Stable evidence state
v2.0.0‑rc1 represents the separated and more stable runtime and evidence line.
NQIS is the technical core behind the Nova concept. The platform is intended to make local AI work reviewable: with knowledge base, grounded chat, roles, safety boundaries, operational status, evidence and controlled release states.
v2.0.0‑rc1 represents the separated and more stable runtime and evidence line.
v2.1.1‑dev focuses on Auth/RBAC hardening, protected areas, role logic and governance for mutating actions.
NQIS is described as a local auditable assistant platform without AGI, consciousness or unlimited autonomy claims.
The current state contains several building blocks that together form a traceable local AI environment. The important part is not only that an answer is generated, but how it is derived, which sources were used, which role is allowed to access it and which change remains traceable later.
NQIS is not a single chatbot. It is an orchestration and governance layer for local AI work. Memory, knowledge, API, dashboard, safety, evidence and release processes work together.
| Layer | Task | Value |
|---|---|---|
| Memory & Knowledge | Provide sources, chunks, claims and concepts in structured form. | Answers can rely on traceable context. |
| Grounded Chat | Retrieve relevant sources and derive answers from them. | Reduces hallucinations and makes uncertainty visible. |
| Ops & Dashboard | Show health, readiness, workers, status, logs and evidence. | Operation, diagnosis and maintenance remain reviewable. |
| Auth/RBAC | Enforce roles, permissions and protected areas. | Not every role may view or modify everything. |
| Safety & Governance | Apply risk gates, STOP_ALL, blocked shell execution and approvals. | Automation remains controlled and auditable. |
| Release & Evidence | Document checks, freeze packages, checksums and restore probes. | Changes become measurable, comparable and reversible. |
Grounded chat means that an answer should not be free text generated without context. Relevant knowledge and memory chunks are retrieved first. If sufficient context exists, the answer is derived from it. If evidence is missing, cautious refusal is safer than an invented claim.
This approach is especially important for current, technical or security-relevant questions.
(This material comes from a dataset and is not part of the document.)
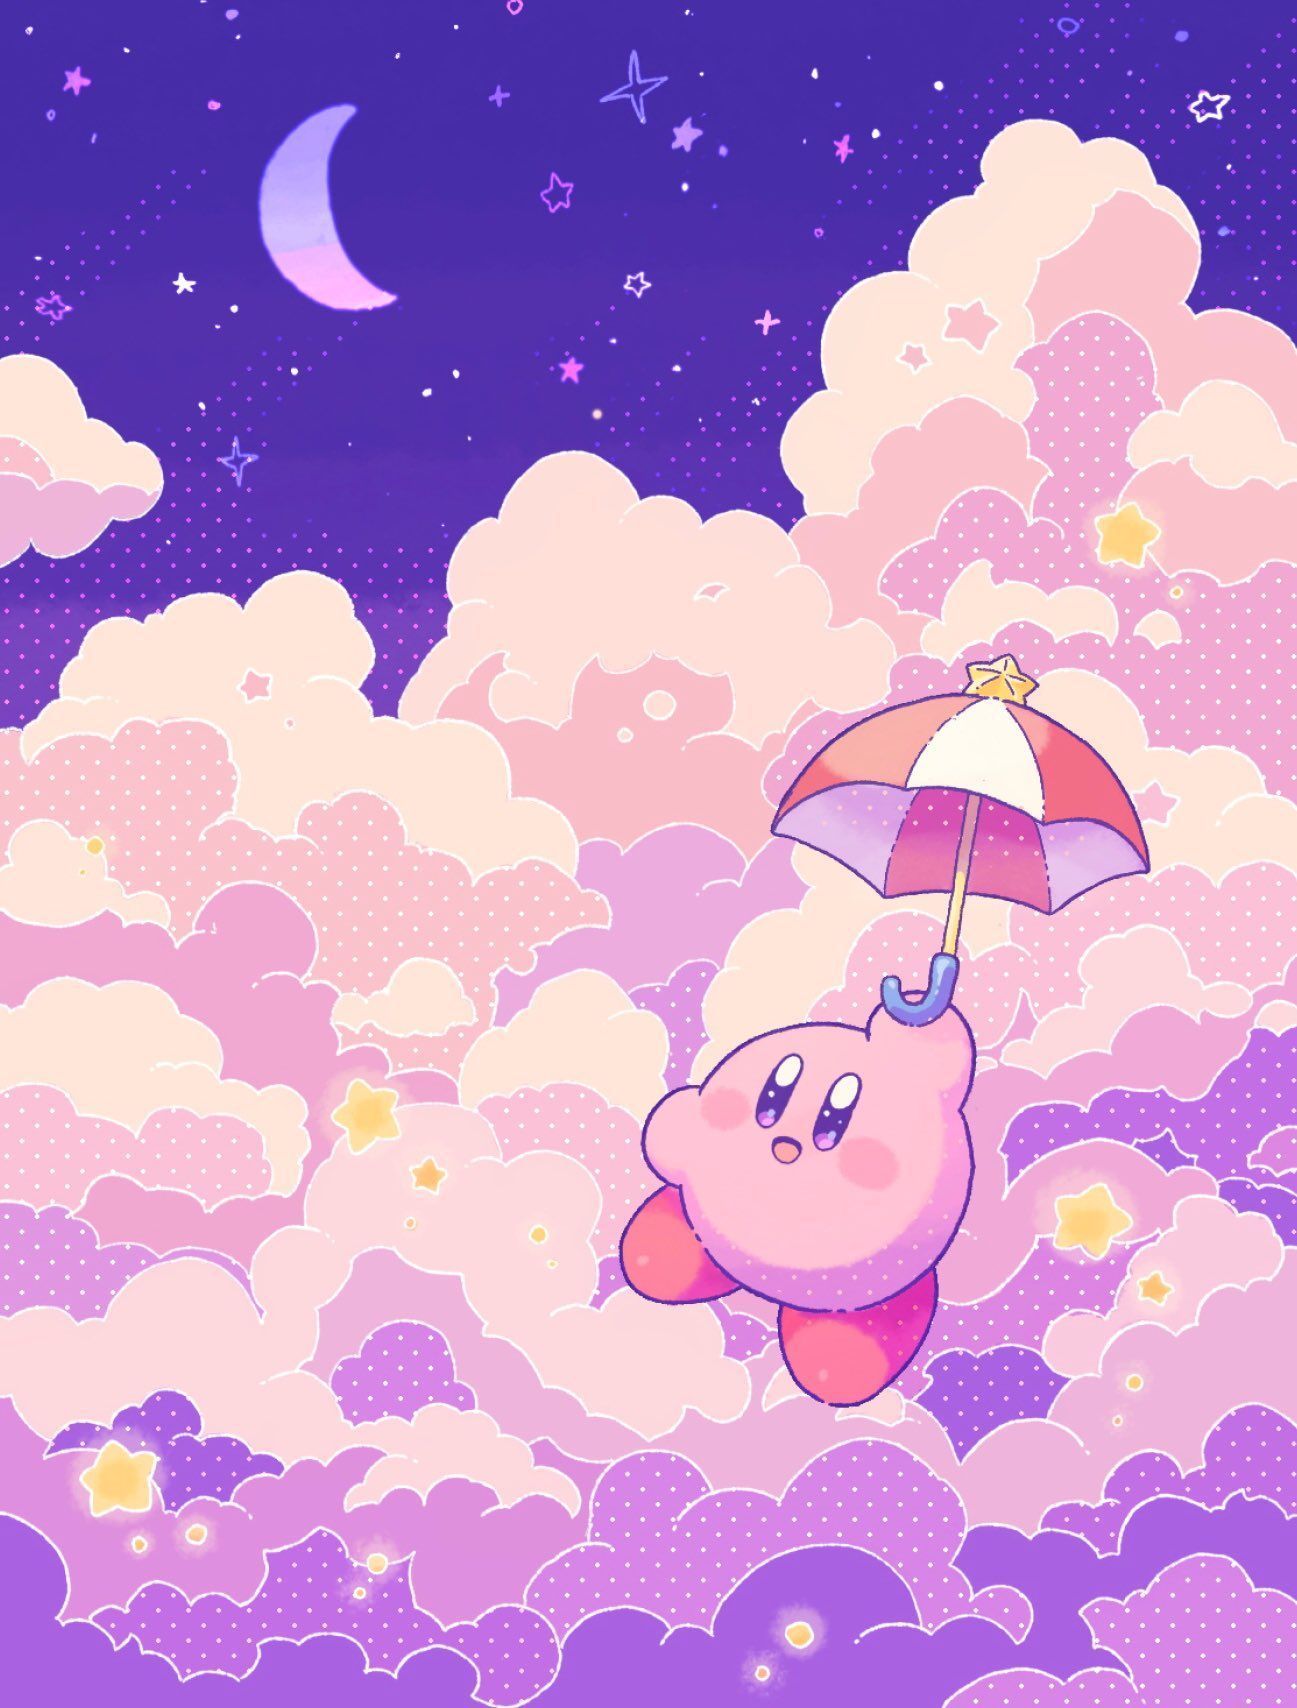 Wallpaper kirby, pink, umbrella, stars, clouds, night, cute, kawaii - Nintendo, Kirby

It does not eliminate all errors, but it provides a better basis for review, diagnosis and trust.
Role logic separates reading, reviewing and mutating access. A dashboard may display information without automatically triggering productive actions. Mutating actions require stronger boundaries because they can change system state.
The goal is an assistant that can help without acting uncontrolled. Direct shell execution from model output therefore remains blocked by default.
The target picture is that Nova agents, scripts and tools are reviewed by NQIS before productive execution. Safety, quality, compatibility, testability, auditability and governance conformity are evaluated.
Shell and Python scripts are analyzed before execution. Risky patterns, missing error handling or unclear side effects are marked.
Changes should only be promoted after review, evidence and optional manual approval.
Every change is considered against a baseline. A return path must exist when quality regresses.